Brown ales are an under-appreciated class of beers. They don't get attention because they don't push the extremes. They aren't as hoppy as India Pale Ales, they aren't as dark as porters or stouts, and they aren't as malty as the higher scotch ales. When well-crafted, though, they find that sweet spot, that balance, that makes them truly special.

Stevens Point Burly Brown is, unfortunately, not one of the greats. Pouring a dark copper, the brilliantly clear beer comes in at the light end of the color guidelines for a proper American Brown. The aroma, though, is superb - malty with just a tingle of hops, and a bit of chocolate.

The flavor is surprisingly soft, though.
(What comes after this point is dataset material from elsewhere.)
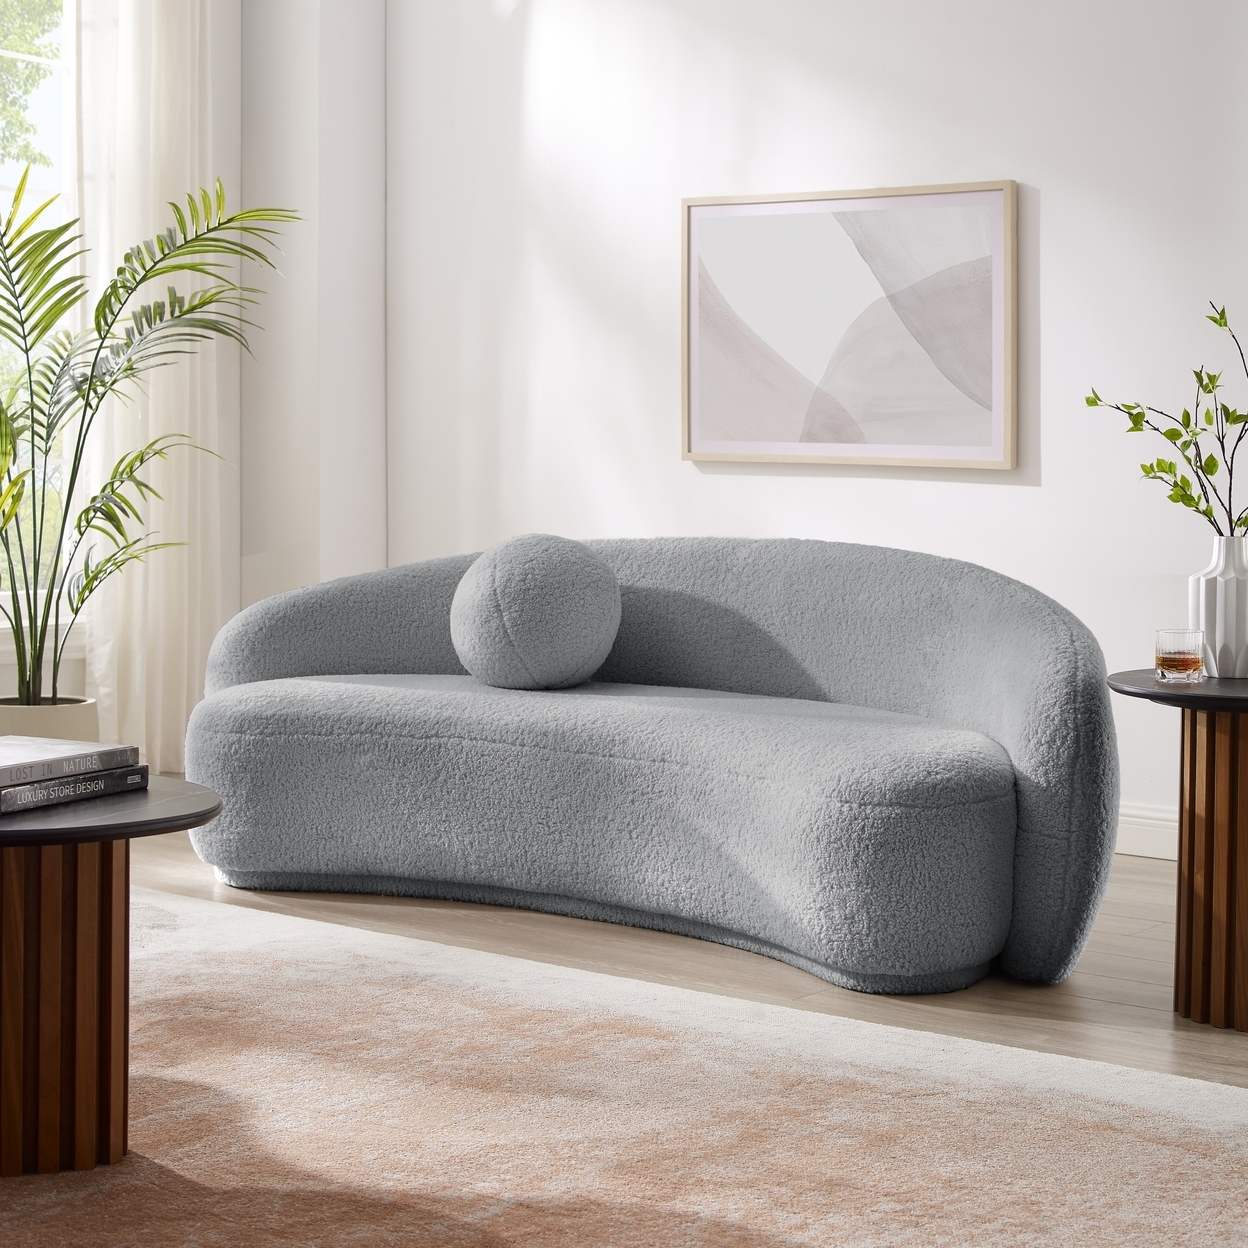 Coralyn Sofa - Upholstered, Rounded Design With Sloped Sweeping Arms,cloud-like Look, Accent Pillow Ball - Grey
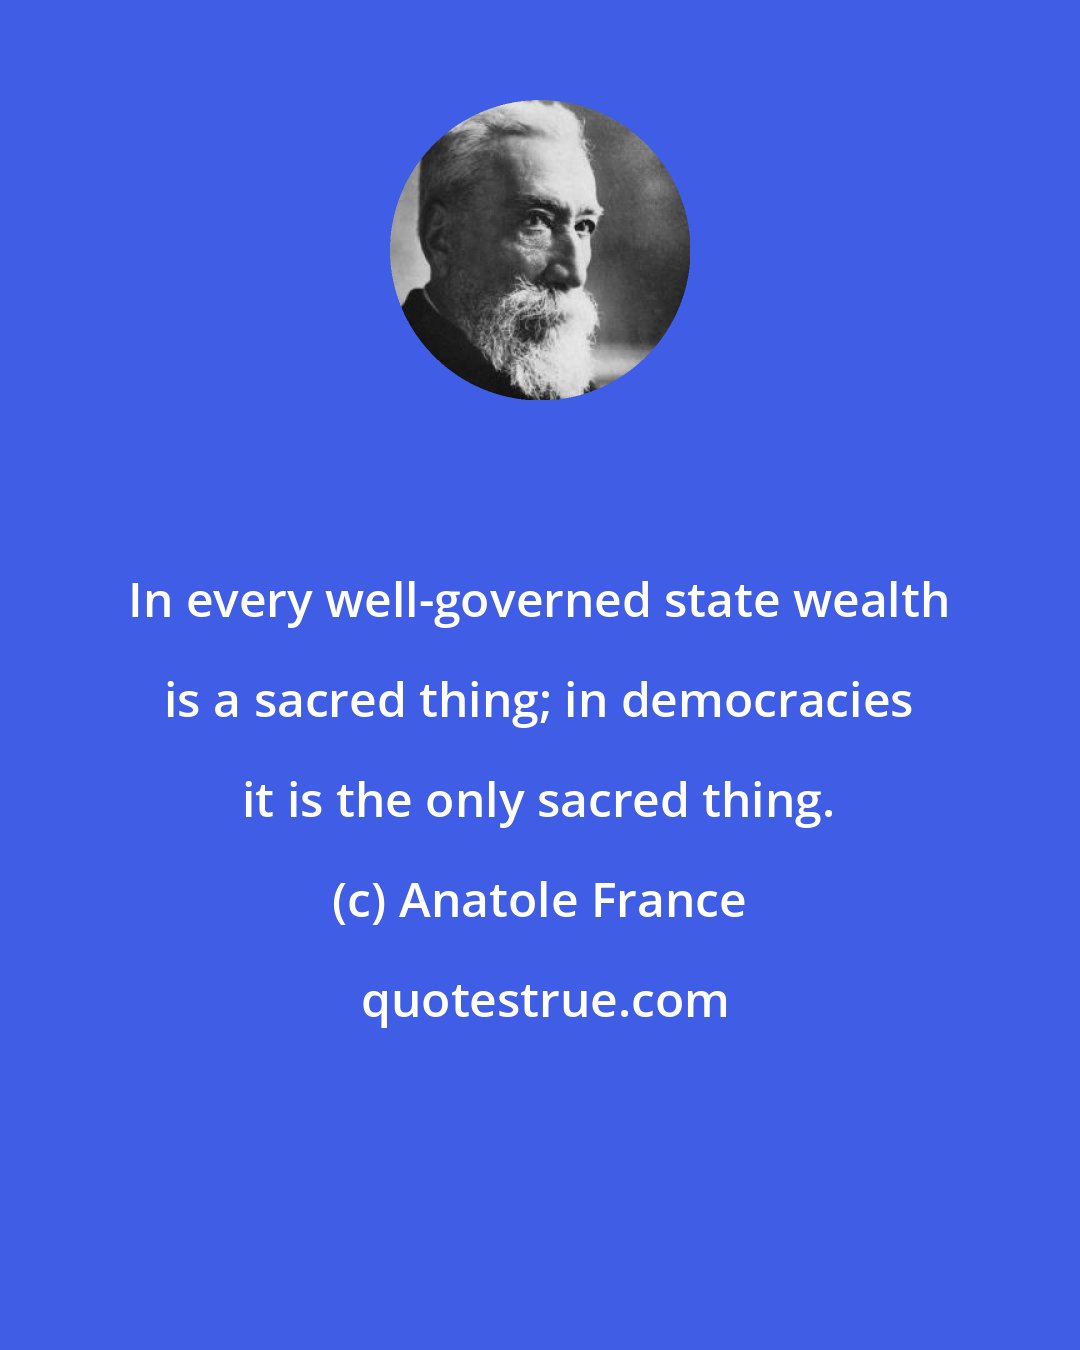 Anatole France: In every well-governed state wealth is a sacred thing; in democracies it is the only sacred thing.

The scent's promise of a rich, malty beer is not fully delivered by the beer itself. Instead, you get a light-bodied, rather bland caramel taste, without the roasty or chocolate notes that add some backbone to a well-made brown ale.

The hops of a typical American brown ale were absent along with the darker malts. While a brown ale should never by dominated by hops, a great one will demonstrate the brewer's ability to use hop bitterness to balance the malt, and hop flavor to add piquant zestiness to the malt. Point's Burly Brown just doesn't go there - a restrained hand with the hops manages to avoid cloying sweetness, but fails to deliver any excitement.

It's not a bad beer at all. I might like it more if it were labeled as an amber ale - it's really a lighter beer in color, taste and body than I expect from a well-made brown. There are certainly better brown ales out there; try Abita Turbo Dog or Moose Drool.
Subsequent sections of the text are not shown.